# What to do
A faithful copy of the data is the goal; set it down exactly, without the images.

# Source material
**********

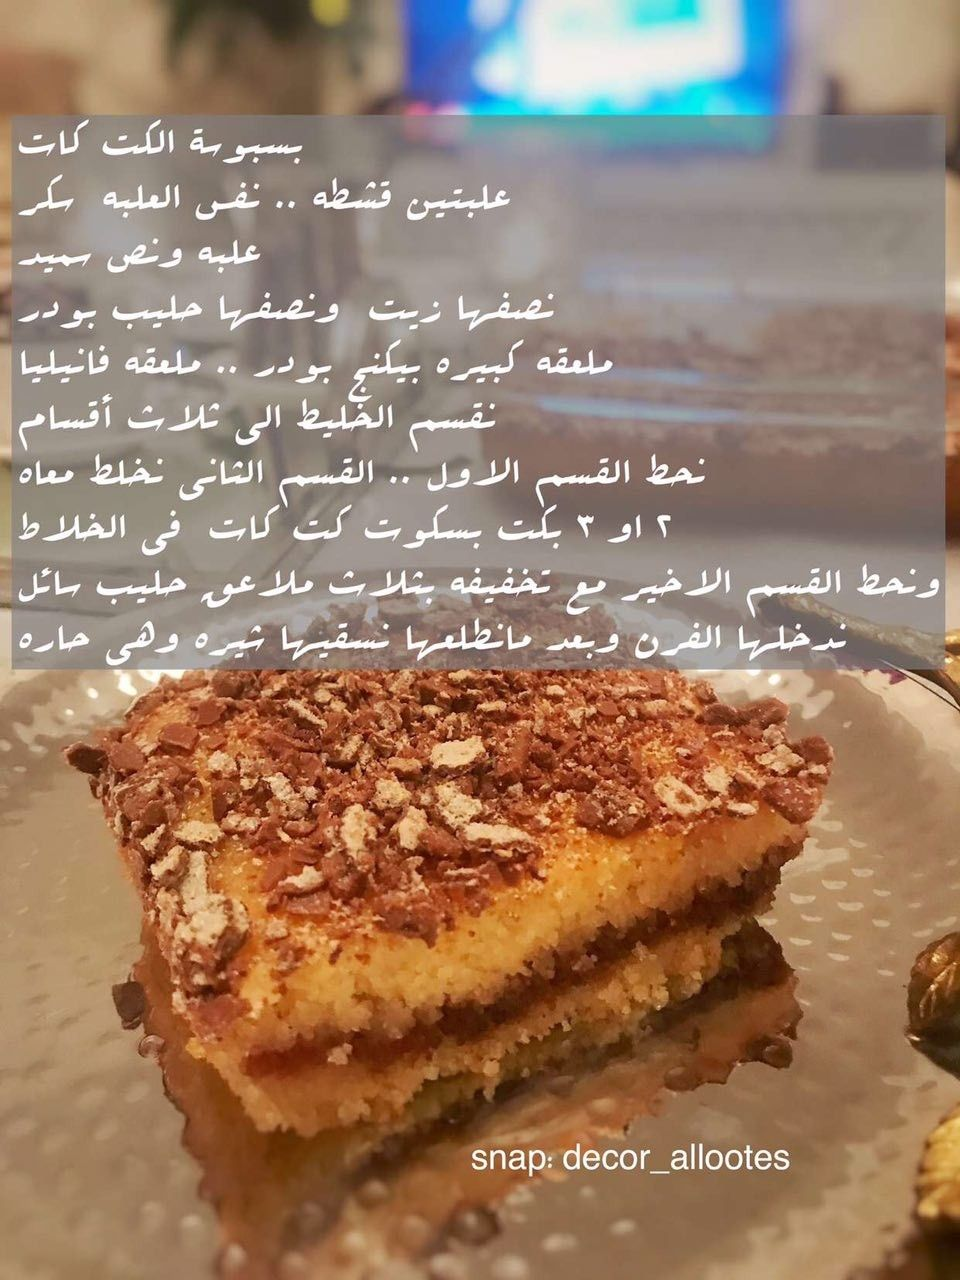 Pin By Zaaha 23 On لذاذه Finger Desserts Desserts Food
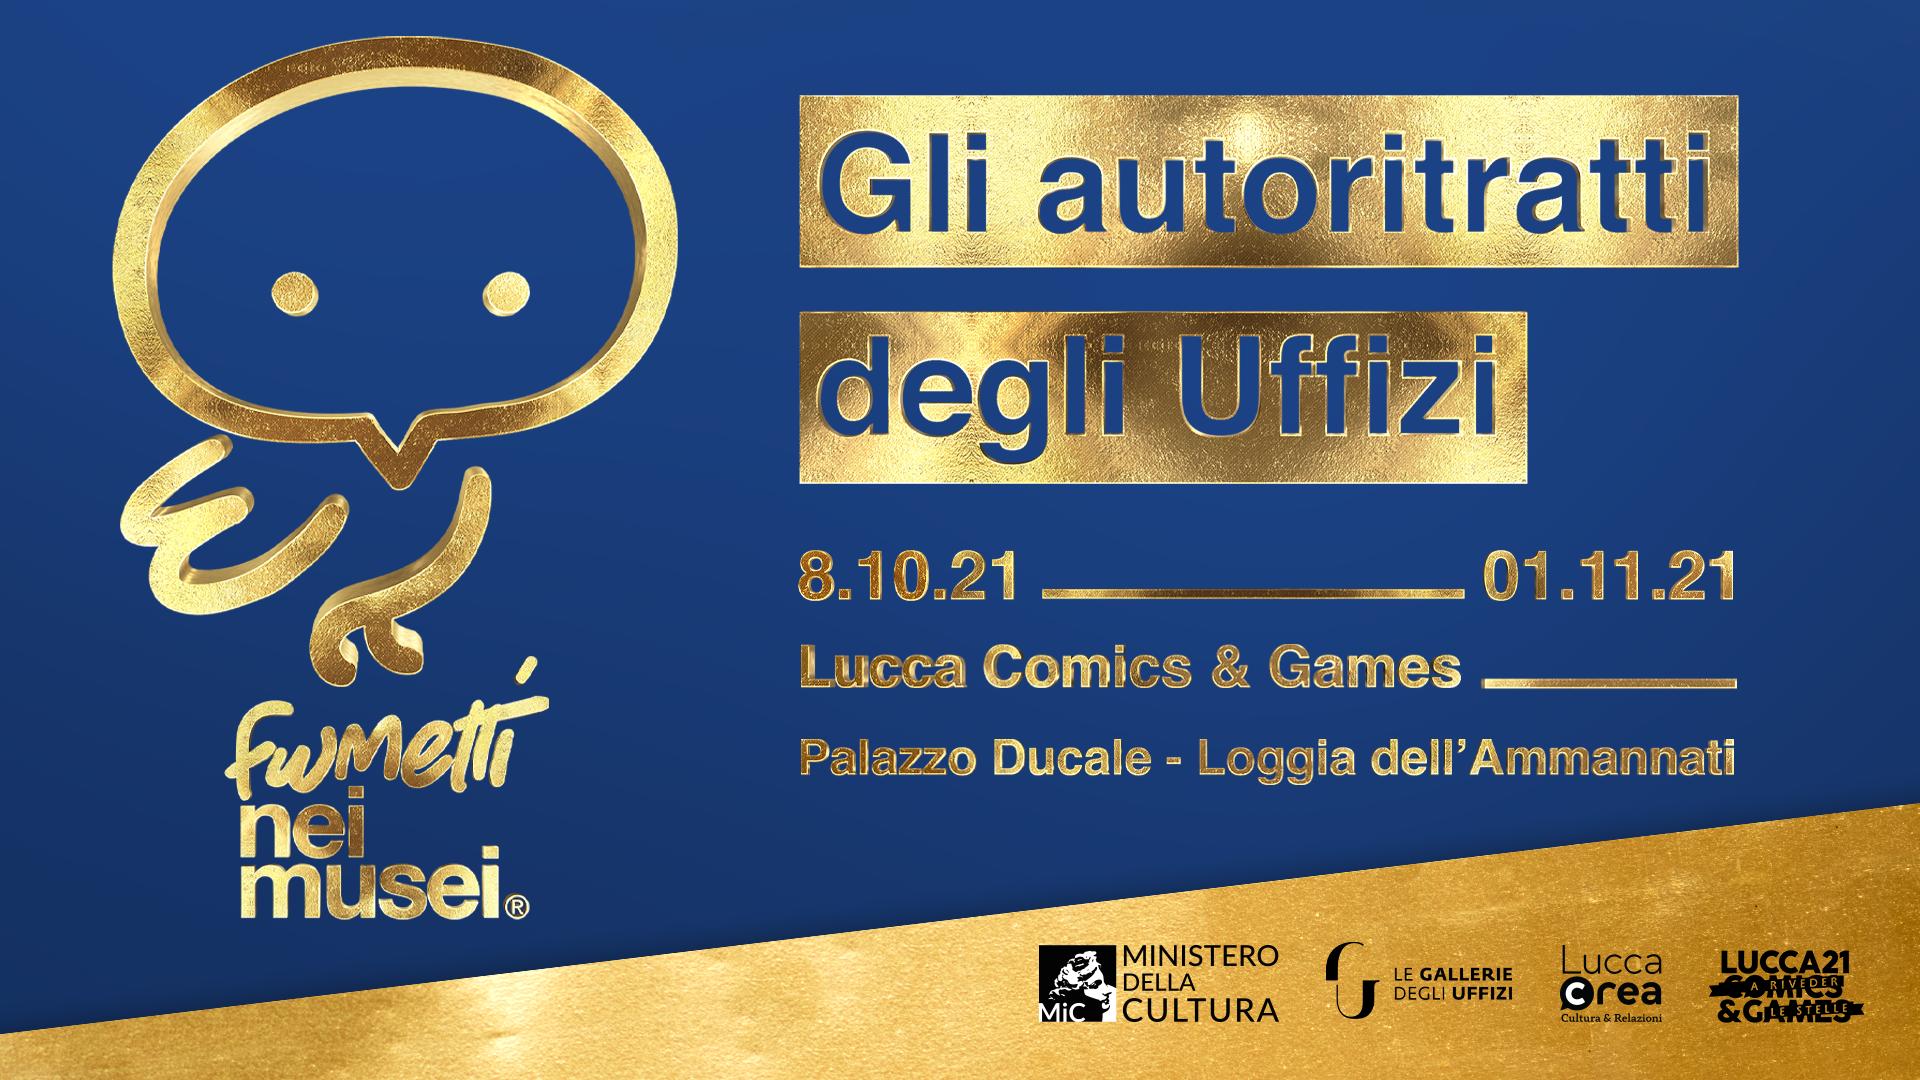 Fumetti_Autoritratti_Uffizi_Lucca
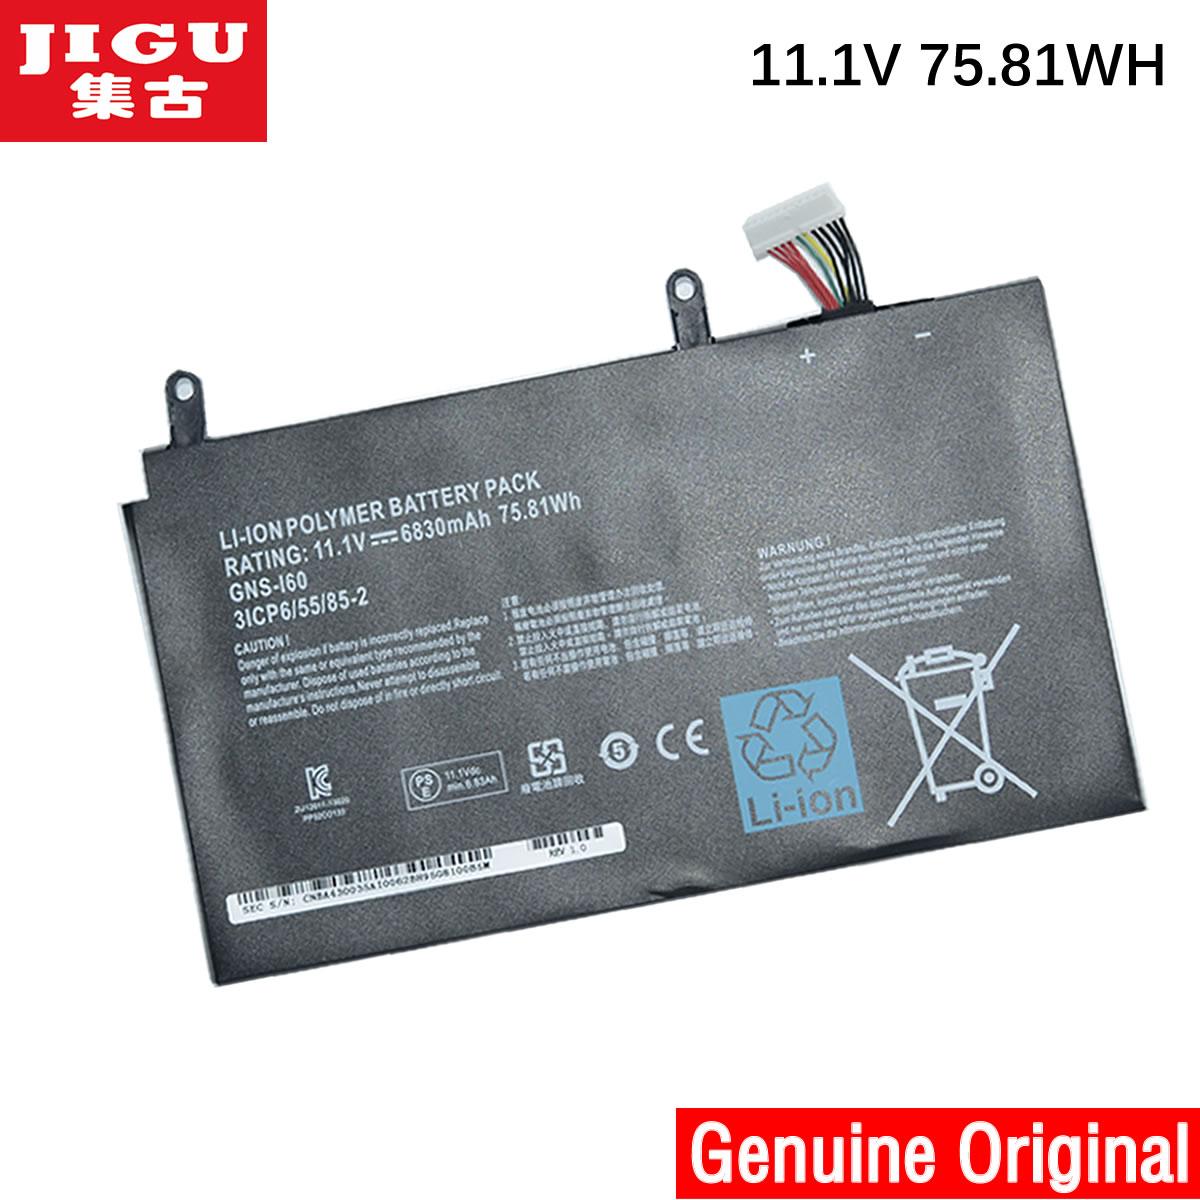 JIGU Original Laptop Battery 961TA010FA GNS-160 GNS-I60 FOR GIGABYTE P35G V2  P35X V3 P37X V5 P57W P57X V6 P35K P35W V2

**********

# Response
 Pin By Zaaha 23 On لذاذه Finger Desserts Desserts Food
 Fumetti_Autoritratti_Uffizi_Lucca
 JIGU Original Laptop Battery 961TA010FA GNS-160 GNS-I60 FOR GIGABYTE P35G V2  P35X V3 P37X V5 P57W P57X V6 P35K P35W V2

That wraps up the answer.